Linking deforestation patterns to soil types: A multifractal approach

Abstract

In the three last decades, continental Ecuador biosphere reserves (CEBRs) have undergone important land cover transformations because of human‐managed systems such as agriculture, livestock, forestry, and urbanization. Thus, the native landscape structure has been altered, exhibiting a mosaic of patches with varying sizes and shapes. The resulting landscape could shape some patterns over time, reflecting the complex interactions between human activities and biotic‐abiotic factors, such as soil, climate, and water availability. Quantifying the landscape patterns and their dynamics is essential for the monitoring and assessment of the ecological consequences of land‐cover change in time. Based on the soil maps and raster land‐cover maps from 1990 to 2016 of two CEBRs, the spatial deforestation patterns were quantified through lacunarity and multifractal analysis. To conduct these analyses, the deforested areas were identified and overlapped to predominant soil types. The results showed that the deforestation process pattern and soil types interact through complex relations due to specific site characteristics.

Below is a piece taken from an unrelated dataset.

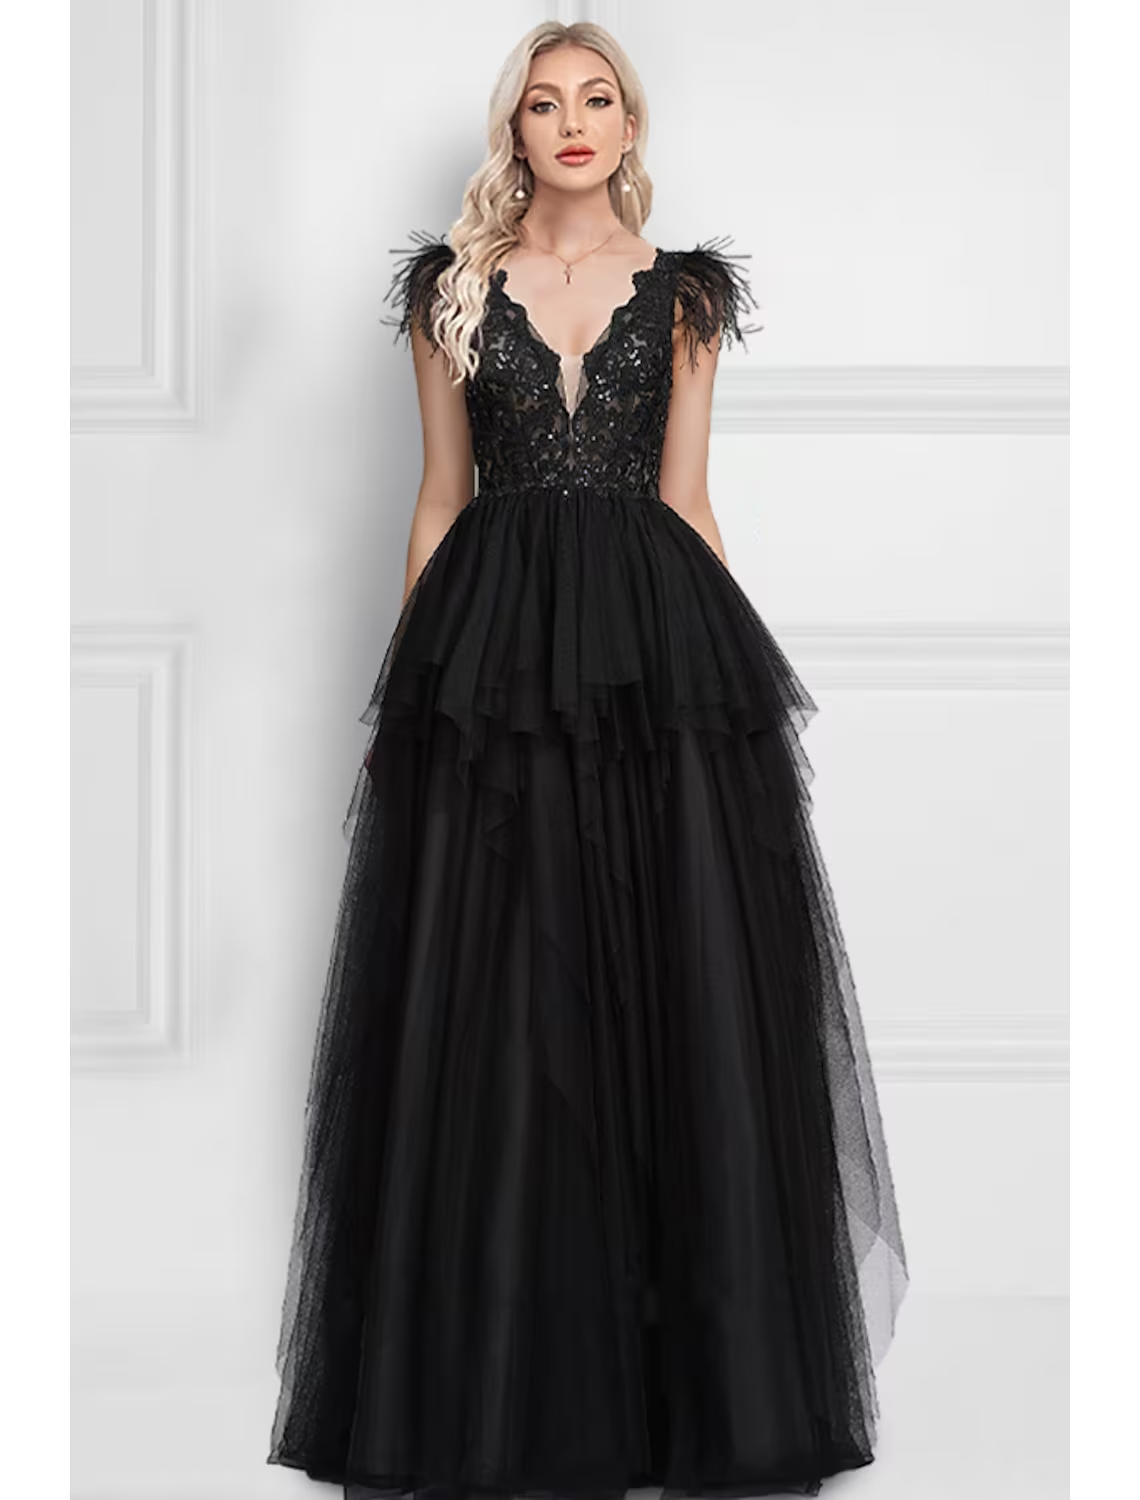 A-Line Prom Dresses Black Dress Wedding Party Floor Length Sleeveless V Neck Tulle with Feather Appliques

Thereby, both soil and land cover interacted in fractal structures. The patch area distribution of deforestation patterns linked to soil types reveals a power‐law relationship in which, as the area of the deforested patches increased, their frequency decreased. Also, this relation presents self‐similarity and multifractal behaviour over a wide range of scales from 46–2,674 pixels, with a pixel size of 30 m × 30 m. However, each CEBR showed varying degrees of heterogeneity and complexity, which were reflected through lacunarity and multifractal parameters. The dynamics of deforestation patterns linked to soil types can be spatially dependent on the initial patchiness state, the distance to the adjacent patches, and the suitability of the soil for agrarian activities. Altogether, these were the spatial underlying factors of the deforestation evolution in the two CEBRs.